Eyre Square was the location of many of these events. Hay was an essential commodity and the Haymarket was a major event in the days when people travelled on horseback or in horse-drawn carriages. Cart loads of hay usually began to arrive on Friday evening, and on Saturday morning the Square seemed to be covered in hay and there was very little space for doing other business. Young local boys often followed these laden carts as they made their way into town, and pulled armfuls of hay from the load, which they would subsequently sell to neighbours who had chickens, for a few pennies. The Haymarket began to decline when motorised transport arrived. Horse fairs were significant events in the Galway calendar, and regularly filled the Square.

The cattle fair, which was originally held at Fairhill, was also an important affair and often spilled out of the Square to Forster Street, Williamsgate Street, and Eglinton Street. It eventually moved to the Fairgreen. Pig fairs did not take up so much space, and usually took place in the area in front of where the Imperial Hotel is today. Regular sheep fairs took place, and possibly because the sheep invariably were driven in in flocks, and were more difficult to manage, the farmers needed more space to control them. Thus the sheep fair was more spread out. Our photograph shows two men (armed with their sticks ) discussing the quality of the animals on offer, while a young boy in plus fours keeps a watchful eye. It was a wet day, and if the sheep were not sold the farmer would have to drive them home again. On the left you can see sides of carts being used to pen the sheep up against the railings at the bottom of the Square.
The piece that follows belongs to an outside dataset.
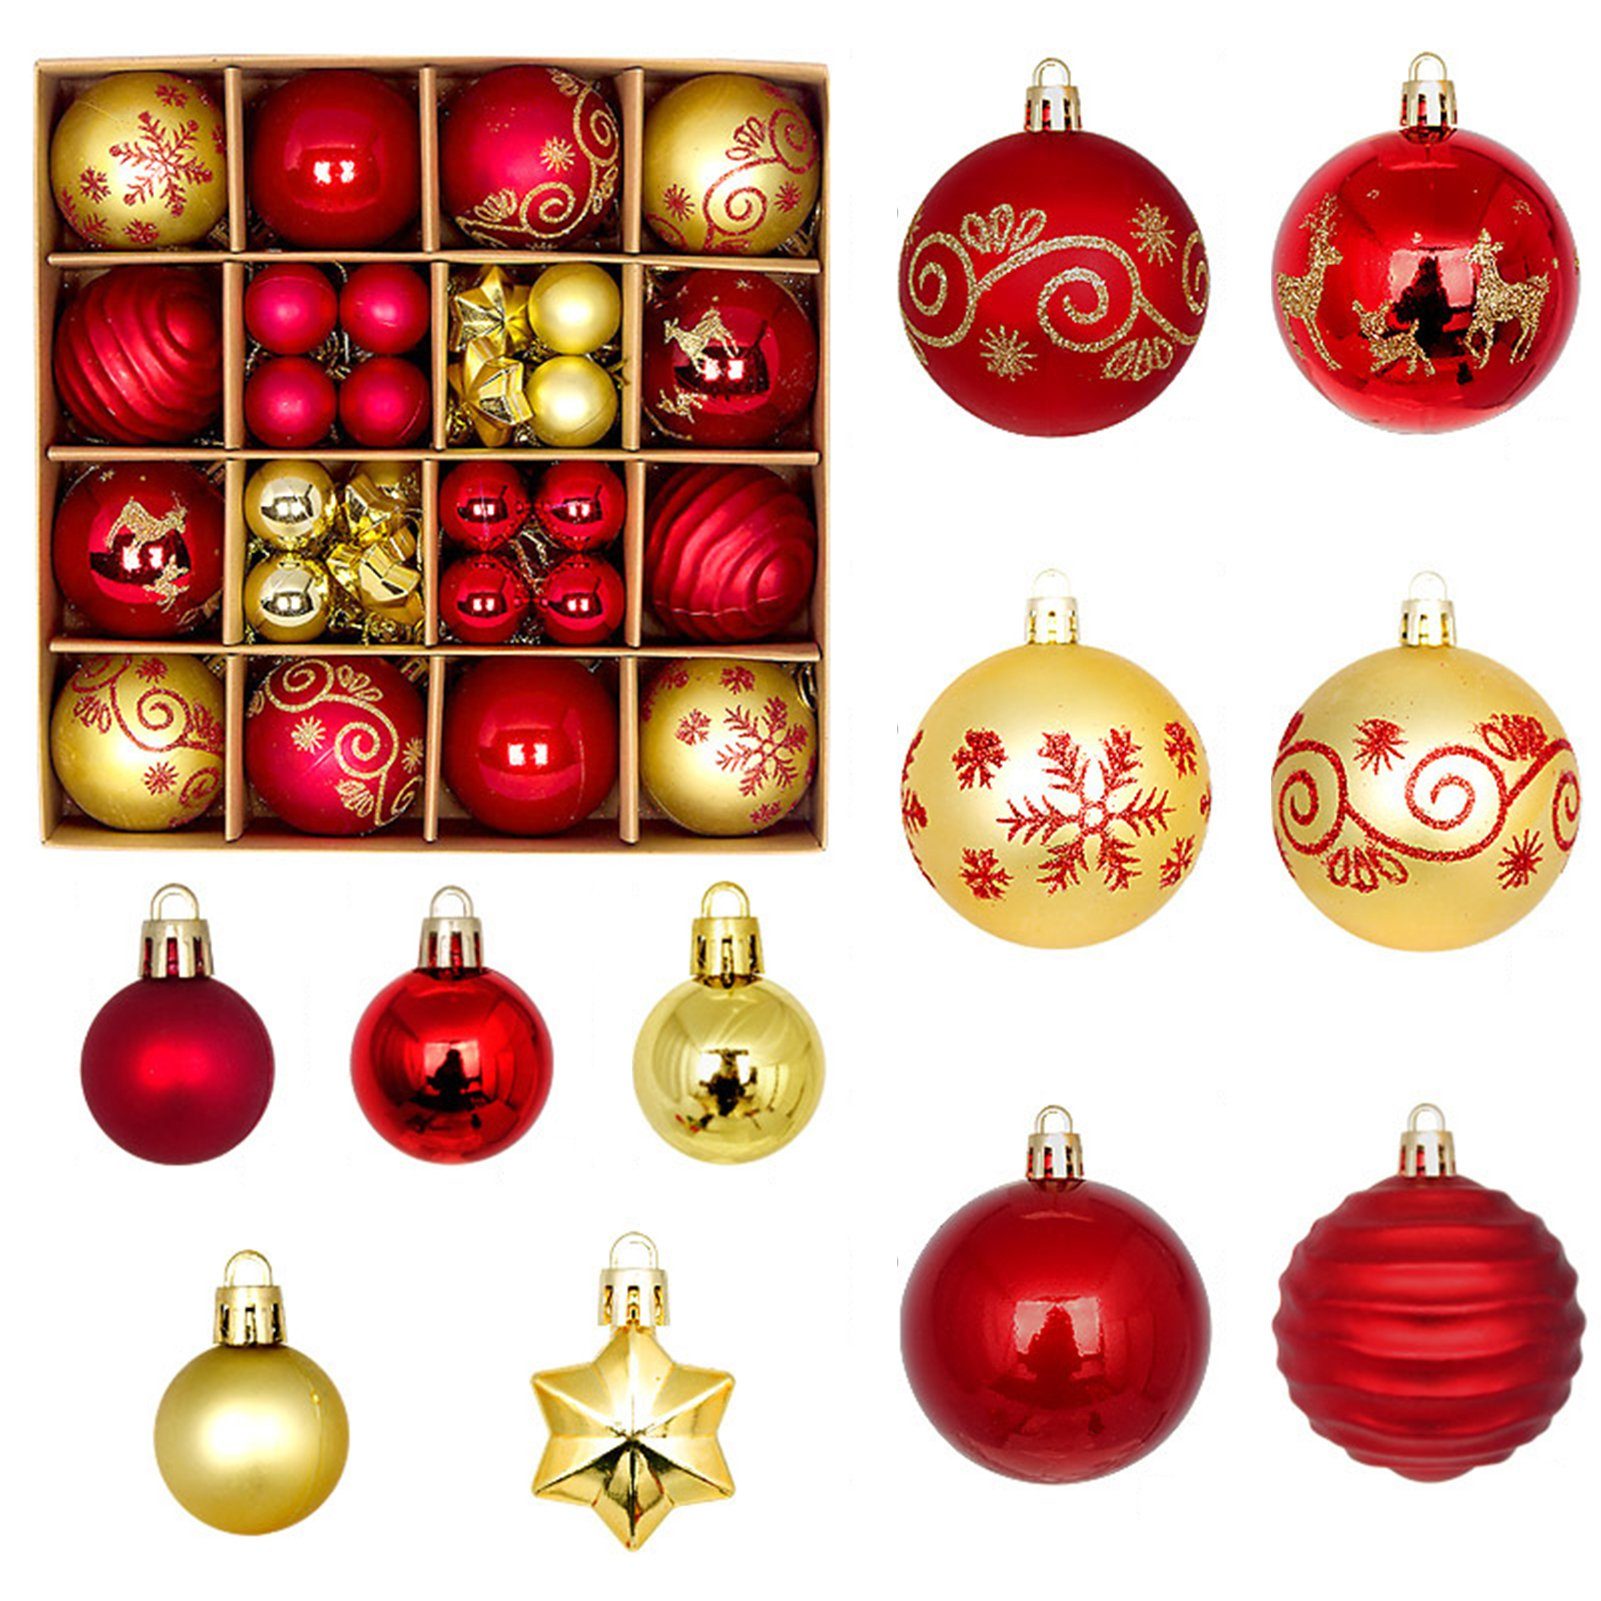 Rutaqian Weihnachtsbaumkugel Weihnachtskugeln, 44 Stück/Set 3-6cm Rot-Weiß-Weihnachtsball-Ornament, Weihnachtskugel Set aus Plastik Farbkugel Geschenkbox D

Turf markets were important in providing fuel, and were held here and at Raven Terrace. Most market areas had a large scales… there was one opposite the County Club, another in Woodquay, where they had a potato market, and another in the Small Crane, where they also held a potato market.

At the top of the Square there was a sock market, and another in Eglinton Street. The Fishmarket was situated in front of the Spanish Arch, and of course the fruit and vegetable and poultry market still takes place in front of the Collegiate Church. Church Street used to host an egg and country butter market up to about 20 years ago. There was also, sadly, a fair which dealt in humans… a hiring fair where groups of spailpíns would gather at the railings opposite the Skeff hoping to be given work by farmers from east or south of the city.

The tree we see behind the men in our photograph achieved a certain notoriety when a local suffragette woman, Honor Todd, chained herself to it during the visit to the Great Southern Hotel of the Vice Lieutenant for Ireland. She did this to highlight the inequalities suffered by women and attracted a lot of attention. Indeed, the tree subsequently became known as the ‘Suffragette Tree’ and was a place of pilgrimage for Galway women. So there was a terrible furore 100 years ago on this day, April 1, when the Urban District Council had it chopped down.